↓
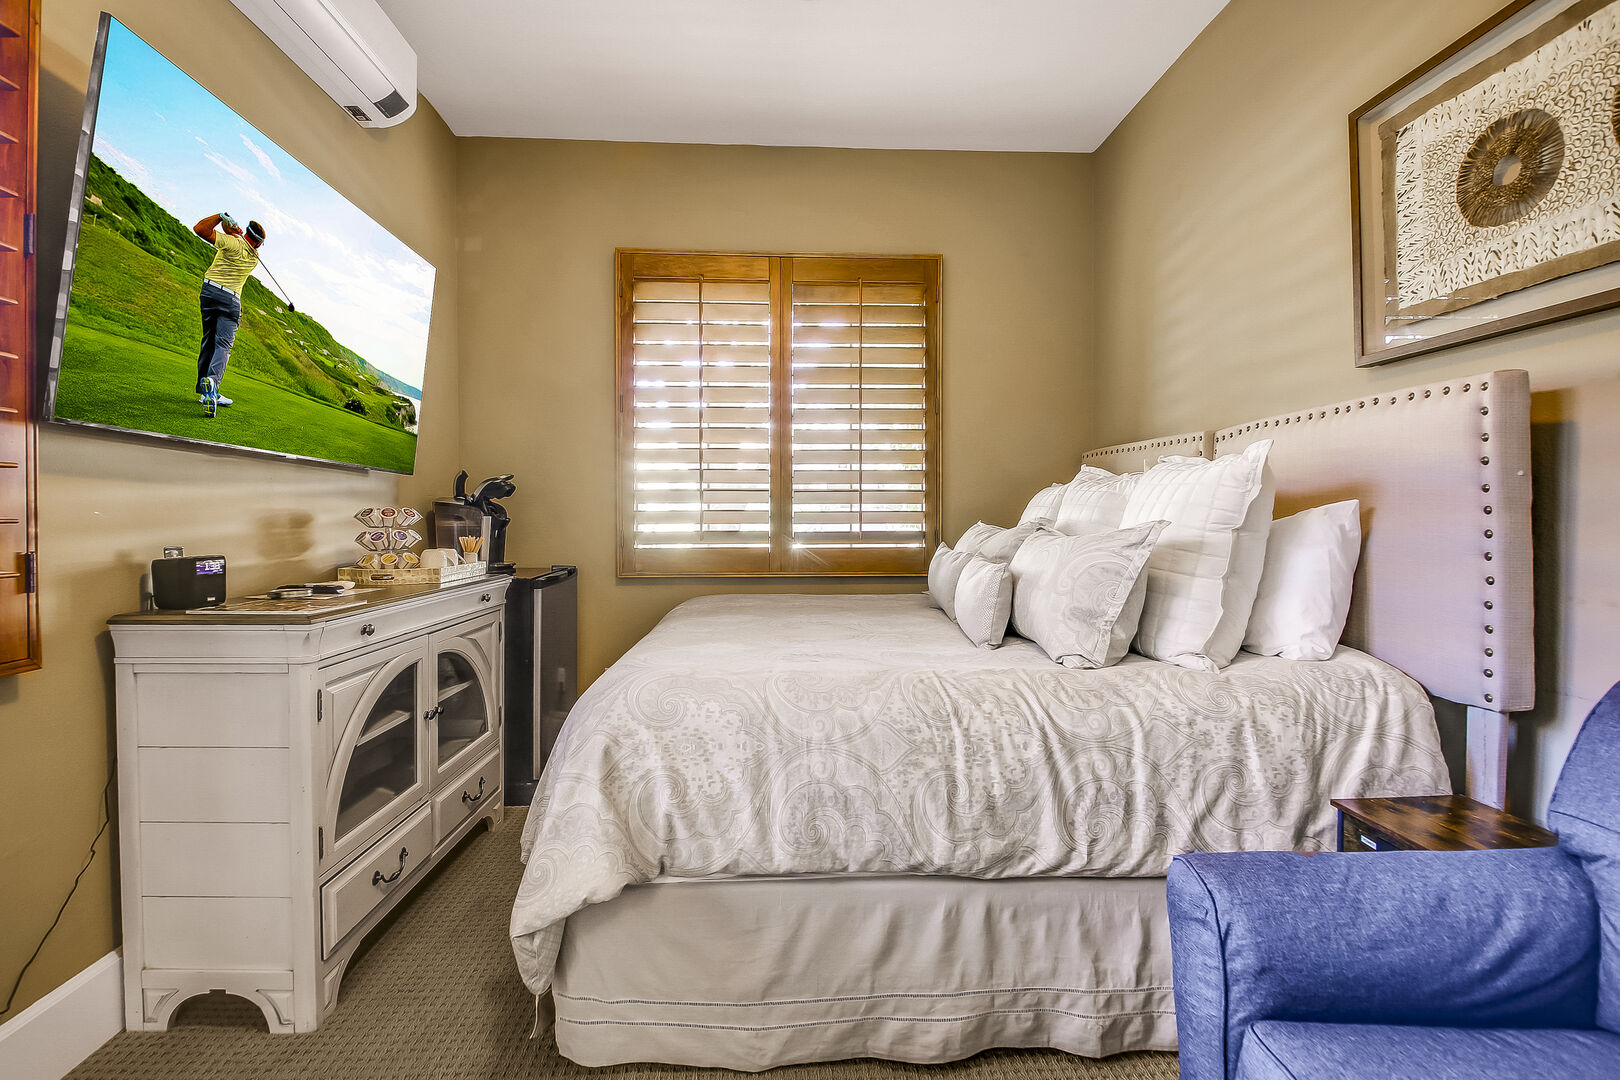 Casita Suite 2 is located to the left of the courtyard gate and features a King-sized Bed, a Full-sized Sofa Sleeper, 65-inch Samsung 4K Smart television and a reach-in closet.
↑
↓
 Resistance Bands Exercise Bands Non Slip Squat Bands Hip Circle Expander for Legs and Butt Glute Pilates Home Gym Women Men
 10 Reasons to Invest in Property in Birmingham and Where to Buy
↑
↓
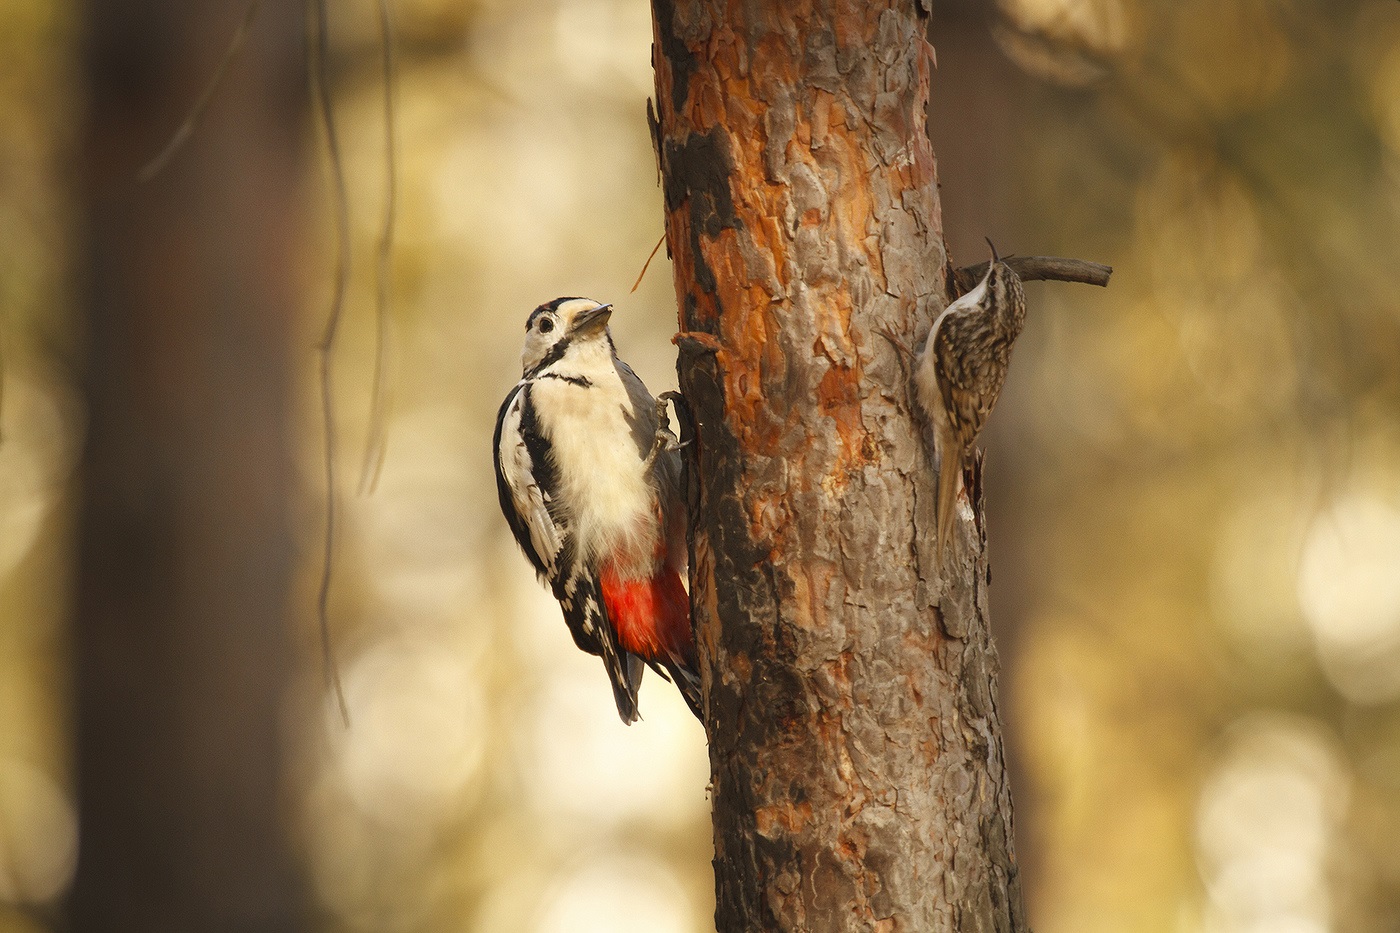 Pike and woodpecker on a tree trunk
↑
- Directions for this task -
In the listing above, find the line with "Resistance Bands Exercise" and the line with "10 Reasons to"; set down exactly those two lines and every line between them, nothing more.

- Exercise result -
 Resistance Bands Exercise Bands Non Slip Squat Bands Hip Circle Expander for Legs and Butt Glute Pilates Home Gym Women Men
 10 Reasons to Invest in Property in Birmingham and Where to Buy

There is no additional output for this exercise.